By the time she was seven months pregnant, the foot had swollen to three times its normal size and she was in a wheelchair, unable to walk.
Doctors were unable to diagnose her ailment – but instead of slowing down, she worked even harder.
Poonam says: “I thought I was going to die and I was organising for my death.
“It was plain I was very ill, but the work made me forget about it – so at the same time I was building up the business.”

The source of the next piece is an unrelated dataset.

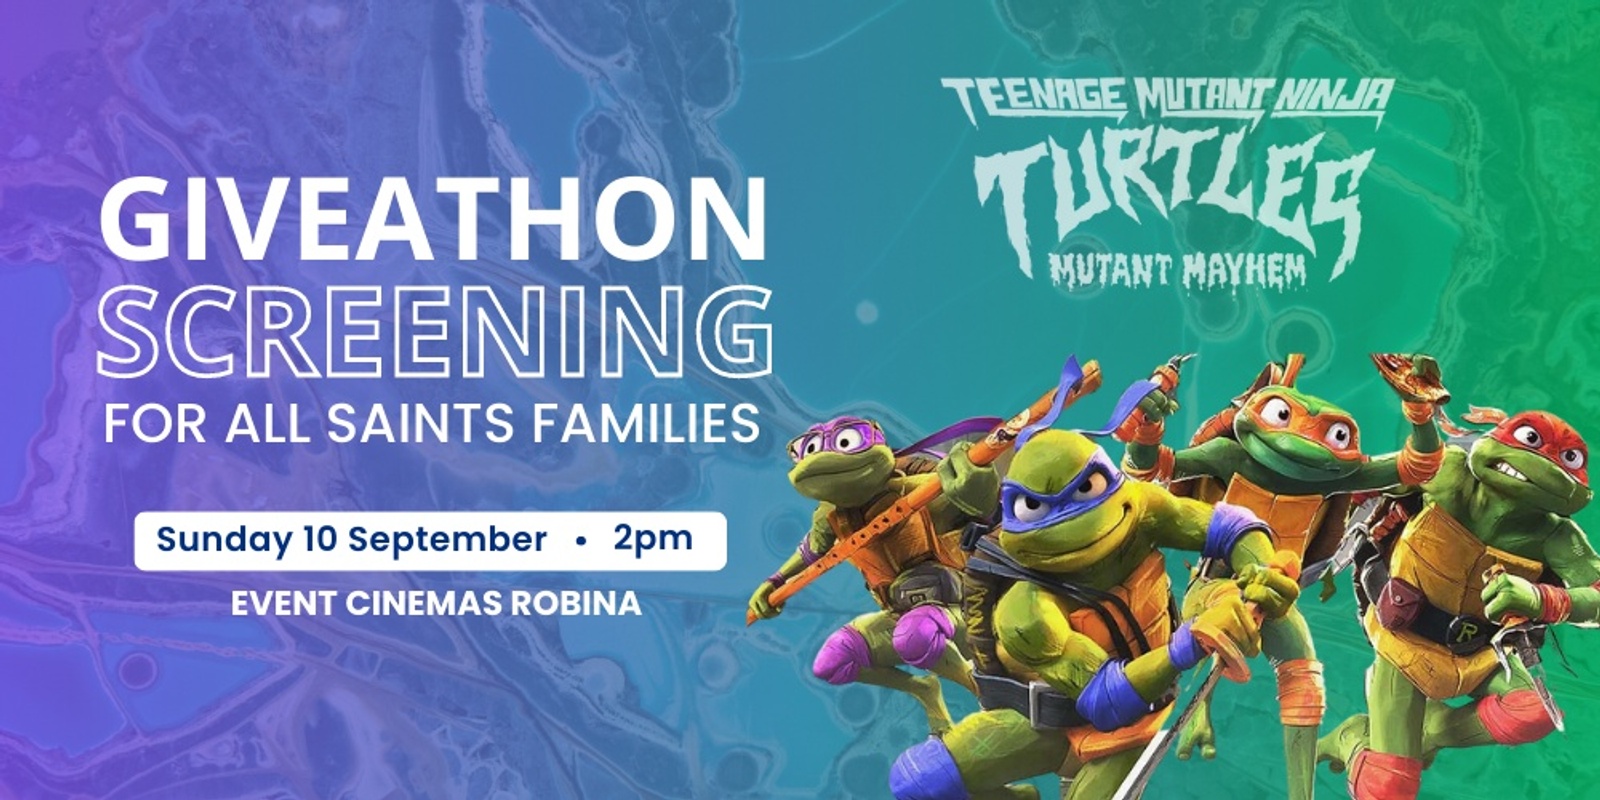 Banner image for Teenage Mutant Ninja Turtles Giveathon Fundraiser

Then, a few months later, after the birth of her second child, she was visiting family in India thinking it might be the last time she would see them. A doctor asked if she had ever been tested for bone tuberculosis, which is still found in India, although it has been many decades since bone TB was a common ailment in the UK.
“It turned out bone TB was exactly what I had,” says Poonam. “I must have contracted it a few months earlier in Mauritania, when I was buying scrap metal.
“I was treated with antibiotics and I began to get well very quickly. What I remember most about that time is not the way the business was growing – we were doing that almost automatically – but it was the way my family came together.”
Nonetheless, the business had grown very quickly.
In the year to March 2010, PG Paper turned over £10.5m and it is now on track to turn over more than £15m in its current financial year.
Puneet says: “We’re coming to the point where we are going to have to make a very important decision about the business.
“I think we should now aim to grow modestly to hit £20 million in 2015. Poonam wants to grow to £40m in five years. It’s not so much a conflict, but a question. I think a lot of growing family businesses must face this question.”
Both agree that, given their increasing expertise in sourcing materials and the logistics of moving commodities around the world, as well as their growing customer base, both scenarios are achievable.
The latter carries the prospect of super-success, but also the risks and obvious pitfalls of overly-ambitious expansion.
Many operations, including most recently Starbucks, have learned the hard way that expansion is a bad idea when it is more opportunistic than strategic.
But PG Paper is not in the latte business. Its success in trading redundant waste materials such as paper, metals, confectionery, industrial plants and machinery, granite tiles and base oil, in more than 30 countries, is based upon its ability to seize price and timing opportunities.
Puneet, a pharmacist with an MBA from Strathclyde University, prides himself on prudence and caution.
“To grow to £40m means that the structure of the business will have to change.
“We will have to become more like a corporation than a business run from our home,” he says.
“One of the reasons we have been so profitable is because our overheads are low. If we grow much bigger, we won’t be able to work from home any longer,” he adds.
“We have been very successful, and I think that maybe we should slow down and preserve what we have created.”
However, Poonam, who holds an MBA in international business from India and Holland, is the kind of woman who wants to have her cake and eat it too.
“I want to keep to working from home and reach £40m. I believe we can do both – I am absolutely sure we can do both,” she says, confidently.
Puneet smiles. “Yes, you can see, she is a determined and stubborn lady. “I’m very proud of my wife, but she likes to have her way.”